Science and Technology

## Electric Power and Energy

Tác giả: OpenStaxCollege

# Power in Electric Circuits

Power is associated by many people with electricity. Knowing that power is the rate of energy use or energy conversion, what is the expression for electric power? Power transmission lines might come to mind. We also think of lightbulbs in terms of their power ratings in watts. Let us compare a 25-W bulb with a 60-W bulb. (See [link](a).) Since both operate on the same voltage, the 60-W bulb must draw more current to have a greater power rating. Thus the 60-W bulb’s resistance must be lower than that of a 25-W bulb.

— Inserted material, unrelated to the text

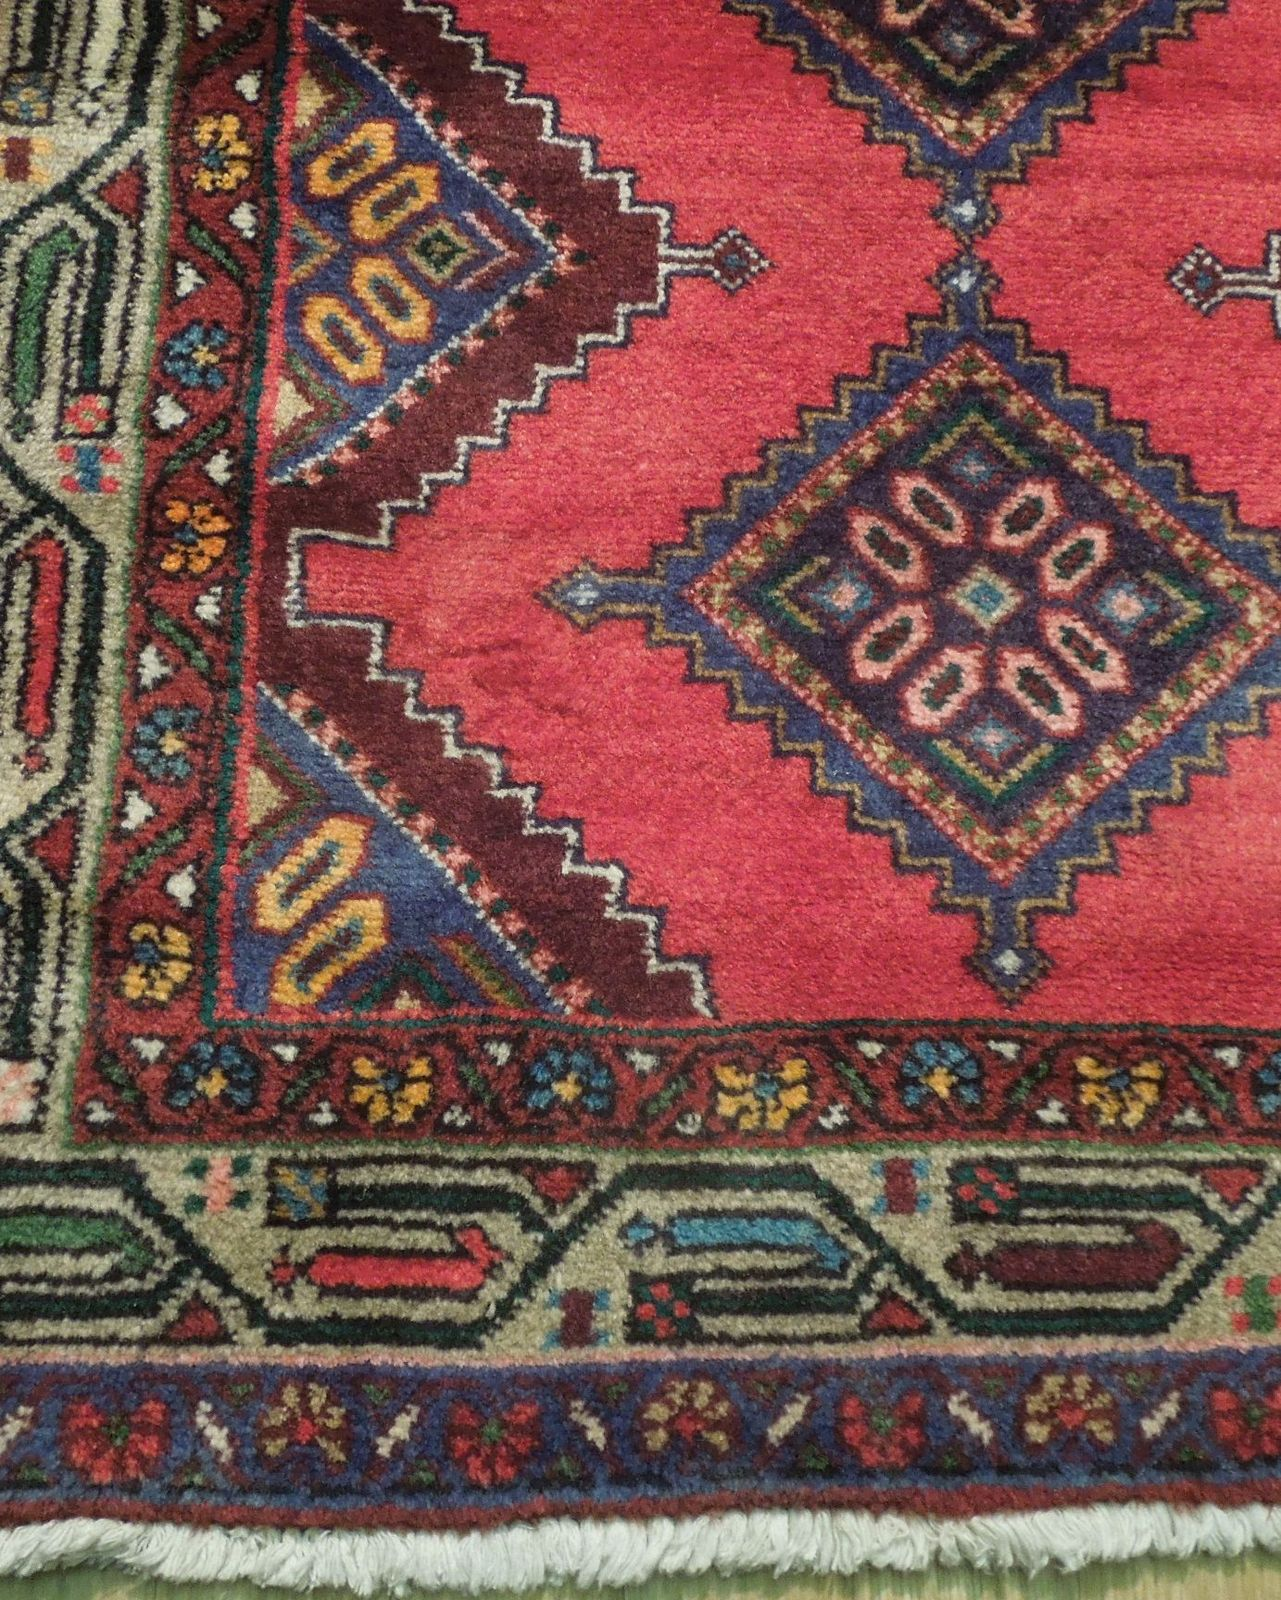 Pink Hamadan Persian Wool Handmade Rug 3x9 All-Over Geometric Rug image 3

If we increase voltage, we also increase power. For example, when a 25-W bulb that is designed to operate on 120 V is connected to 240 V, it briefly glows very brightly and then burns out. Precisely how are voltage, current, and resistance related to electric power?

Electric energy depends on both the voltage involved and the charge moved. This is expressed most simply as $\text{PE}=\text{qV}$, where $q$ is the charge moved and $V$ is the voltage (or more precisely, the potential difference the charge moves through). Power is the rate at which energy is moved, and so electric power is

$P=\frac{\text{PE}}{t}=\frac{\text{qV}}{t}\text{.}$

Recognizing that current is $I=q/t$ (note that $\Delta t=t$ here), the expression for power becomes

$P=\text{IV.}$

Electric power ($P$ ) is simply the product of current times voltage. Power has familiar units of watts. Since the SI unit for potential energy (PE) is the joule, power has units of joules per second, or watts. Thus, $\text{1 A}\cdot \text{V}=\text{1 W}$. For example, cars often have one or more auxiliary power outlets with which you can charge a cell phone or other electronic devices. These outlets may be rated at 20 A, so that the circuit can deliver a maximum power $P=\text{IV}=\left(\text{20 A}\right)\left(\text{12 V}\right)=\text{240 W}$. In some applications, electric power may be expressed as volt-amperes or even kilovolt-amperes ( $\text{1 kA}\cdot \text{V}=\text{1 kW}$).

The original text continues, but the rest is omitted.